Data extract →
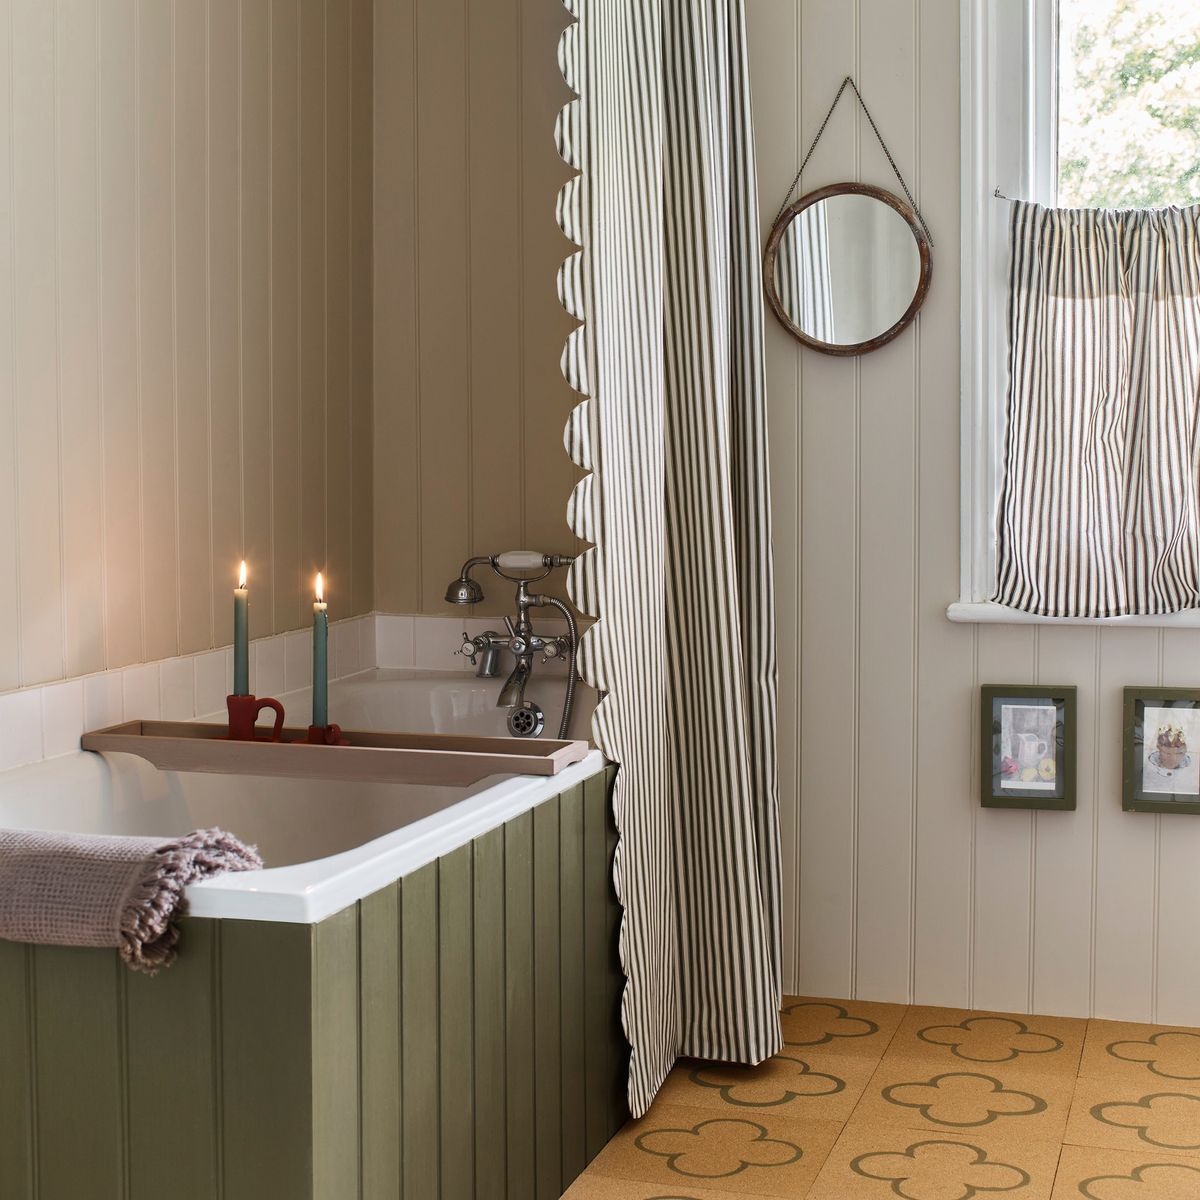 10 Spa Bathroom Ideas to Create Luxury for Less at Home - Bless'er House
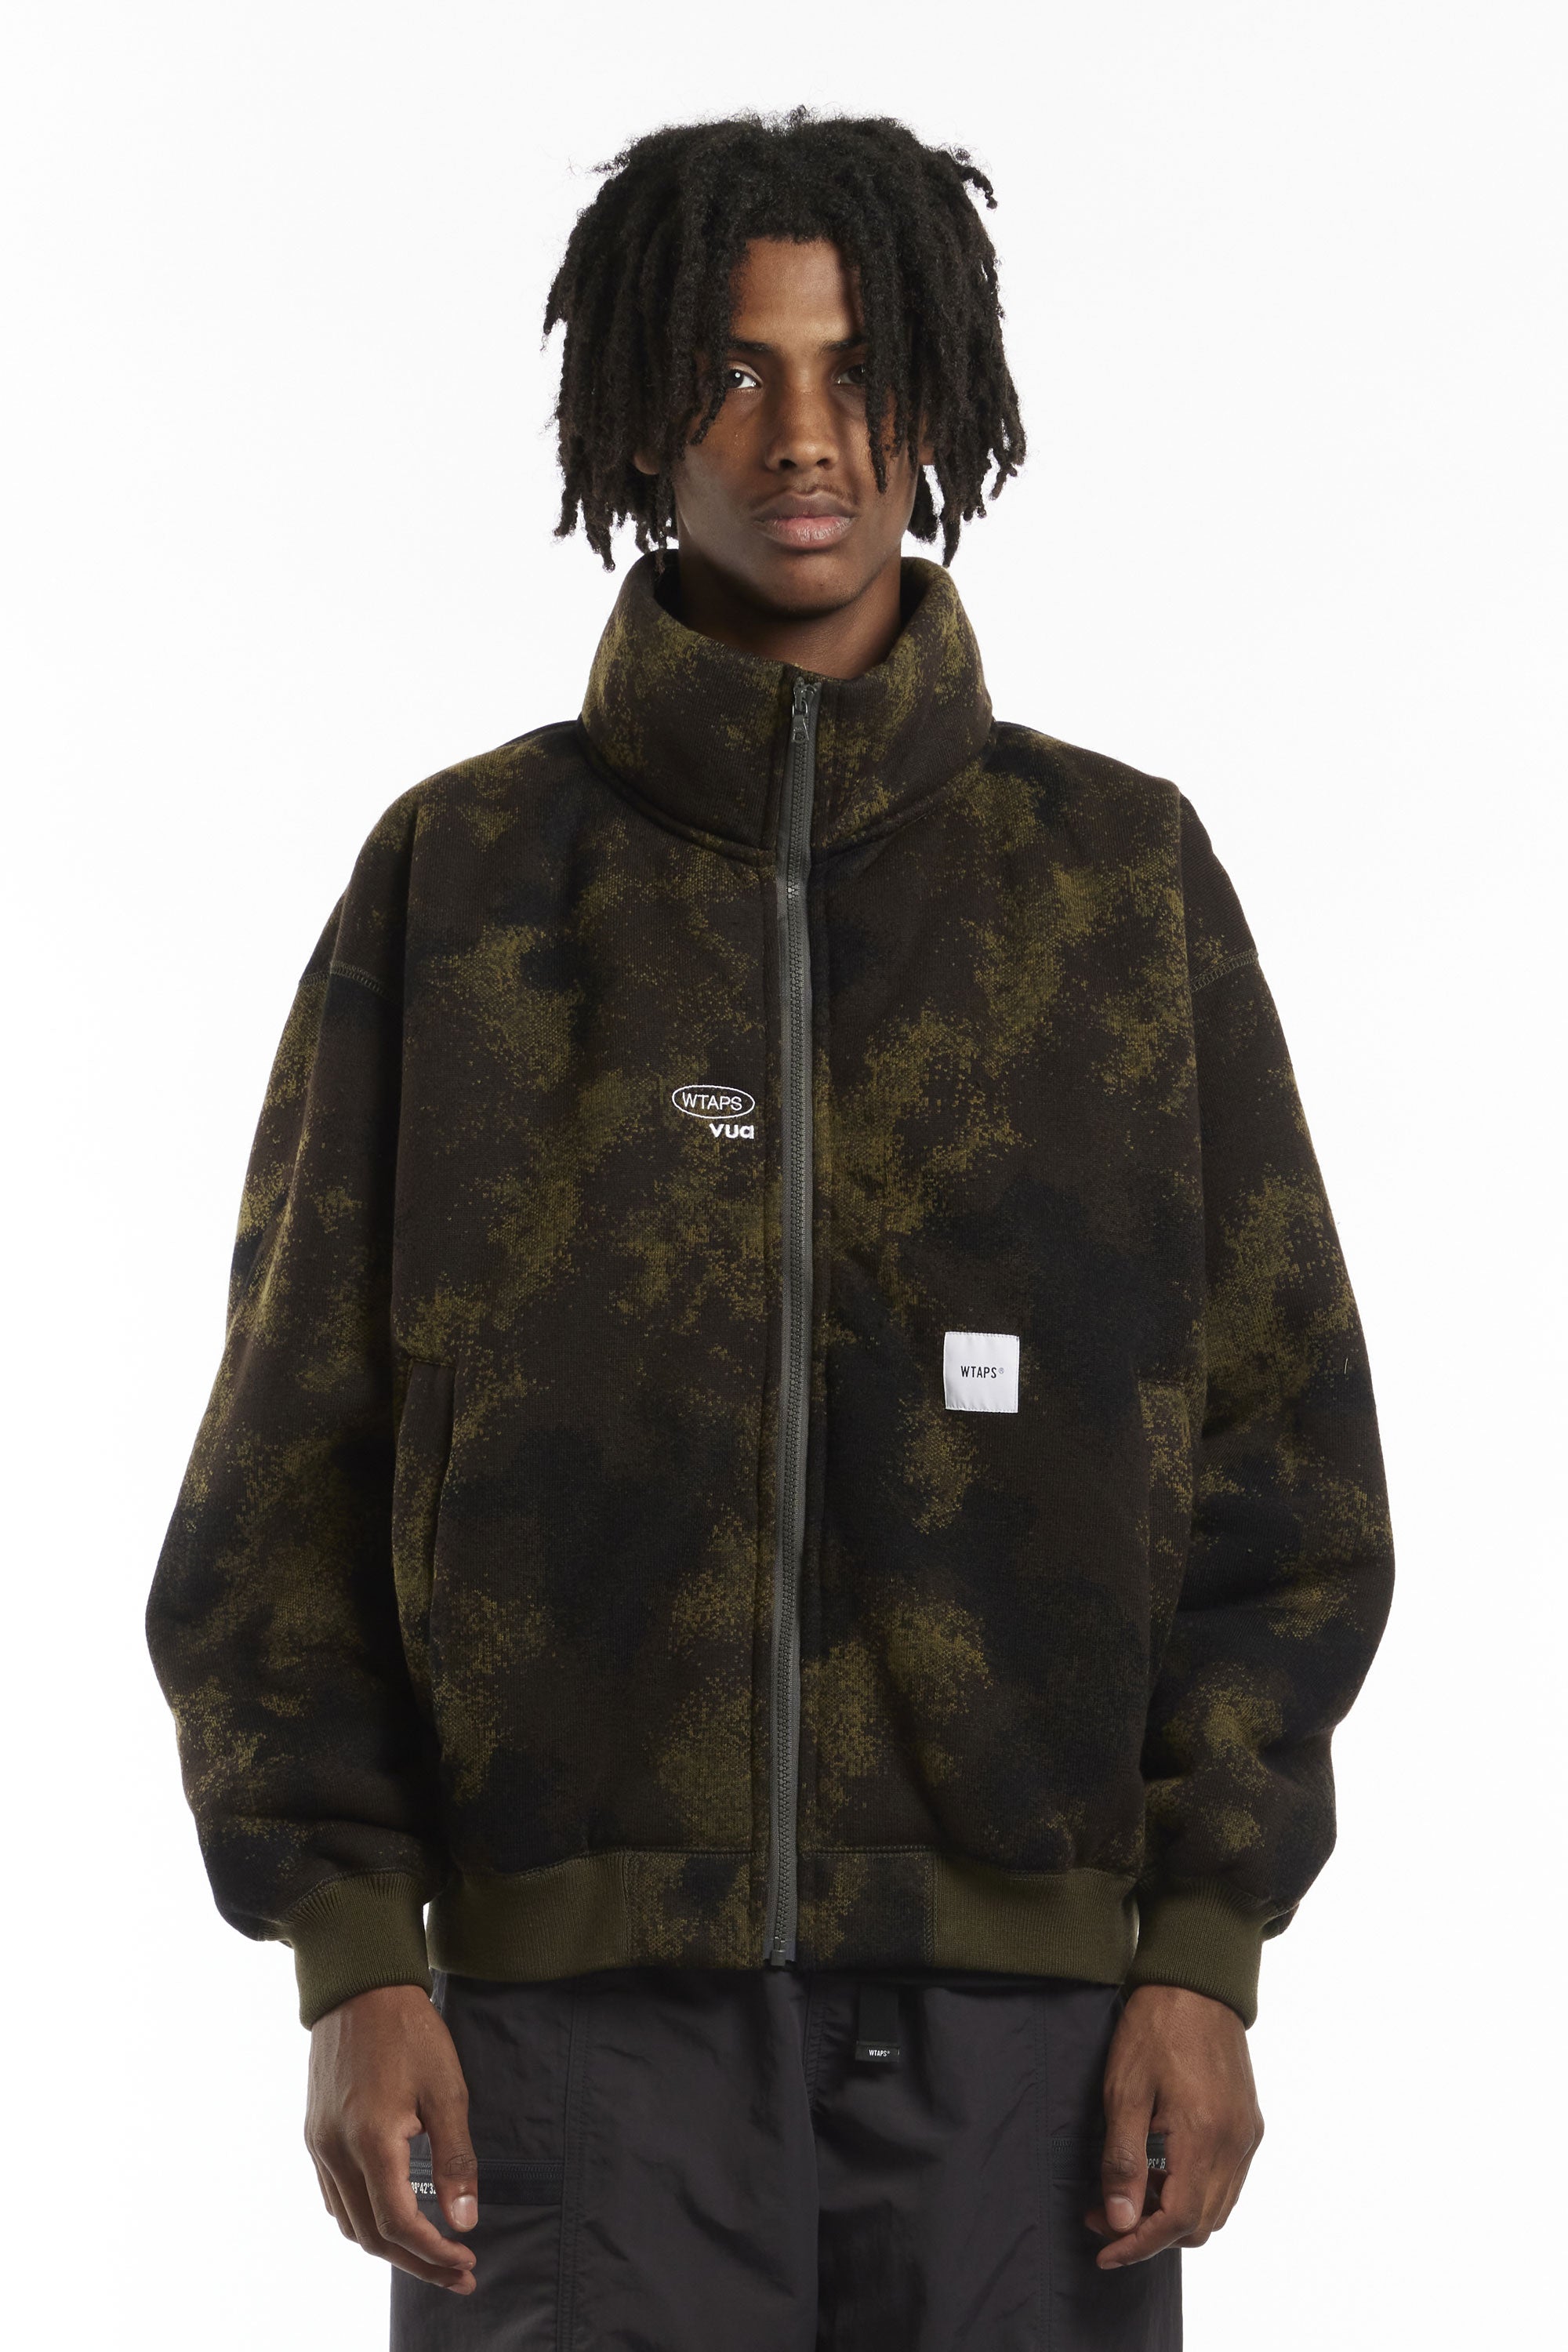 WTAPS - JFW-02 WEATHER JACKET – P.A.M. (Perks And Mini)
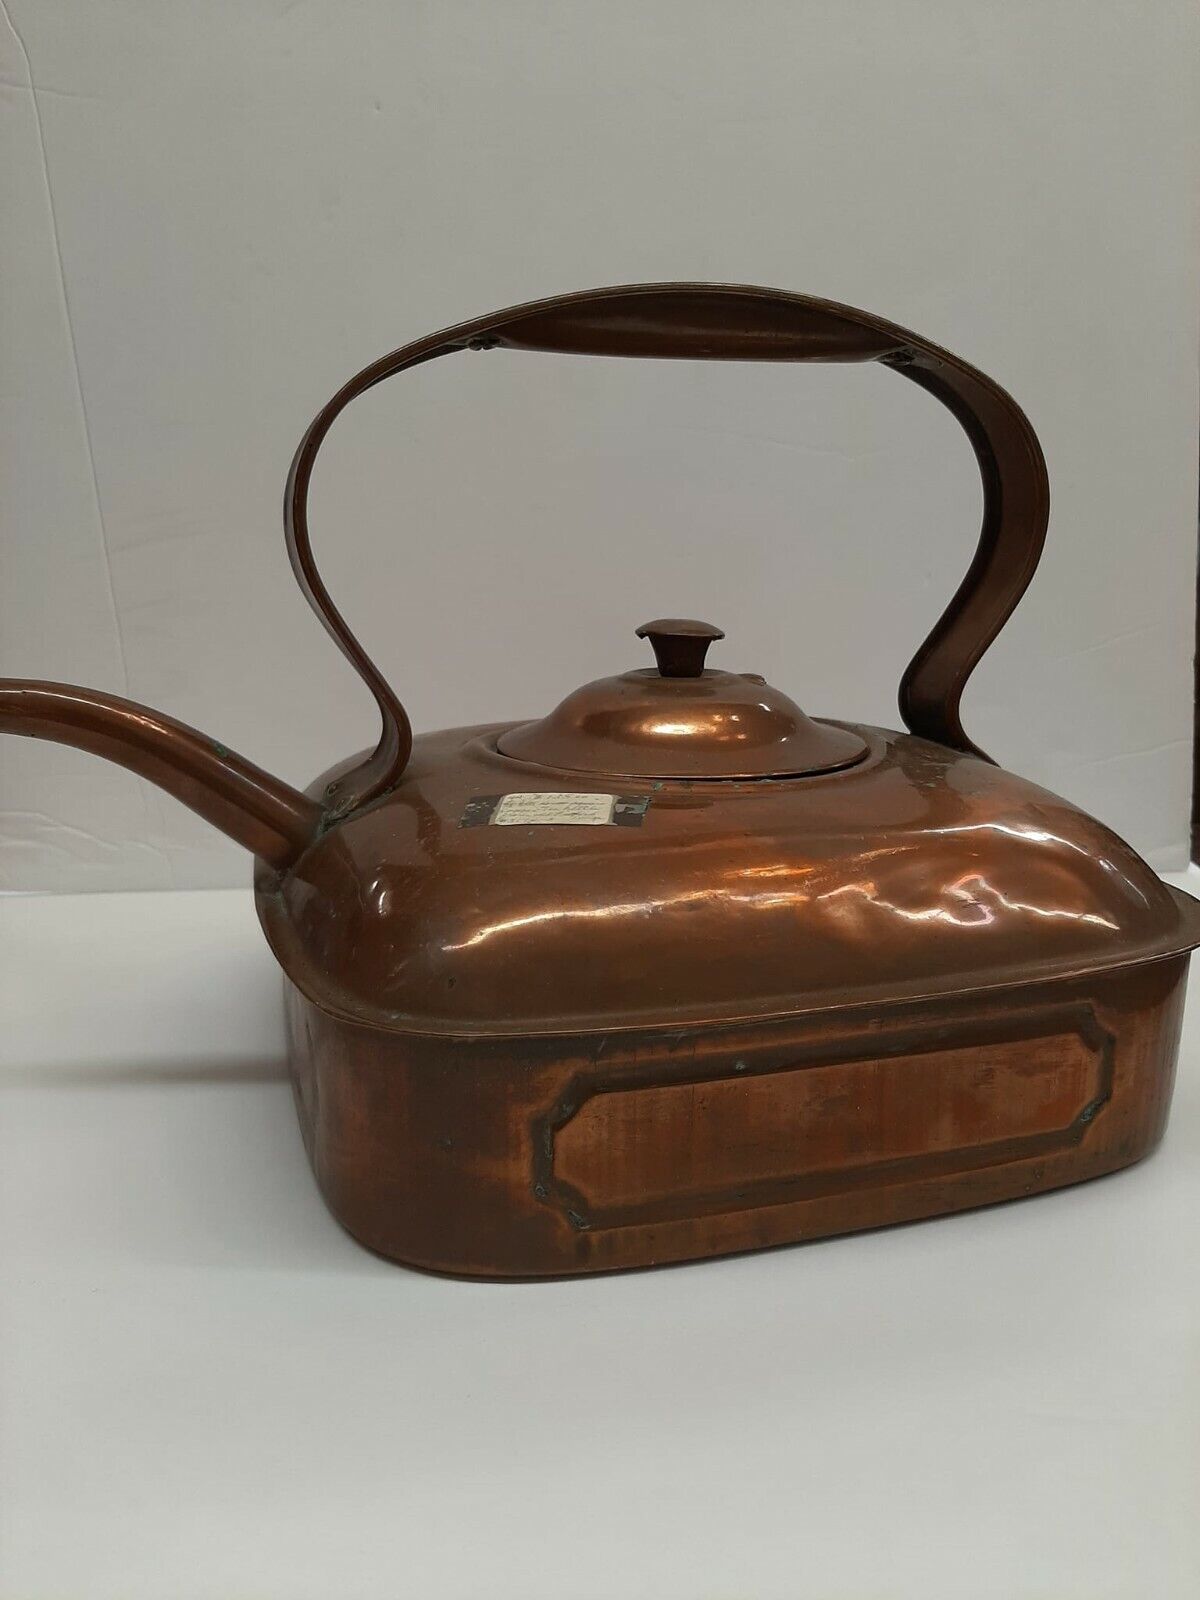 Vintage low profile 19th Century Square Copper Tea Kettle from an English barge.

Directions for this task →
Transcribe exactly, and without any pictures, each line from the one that holds "WTAPS - JFW-02" through the final line of the material above.

Exercise response →
 WTAPS - JFW-02 WEATHER JACKET – P.A.M. (Perks And Mini)
 Vintage low profile 19th Century Square Copper Tea Kettle from an English barge.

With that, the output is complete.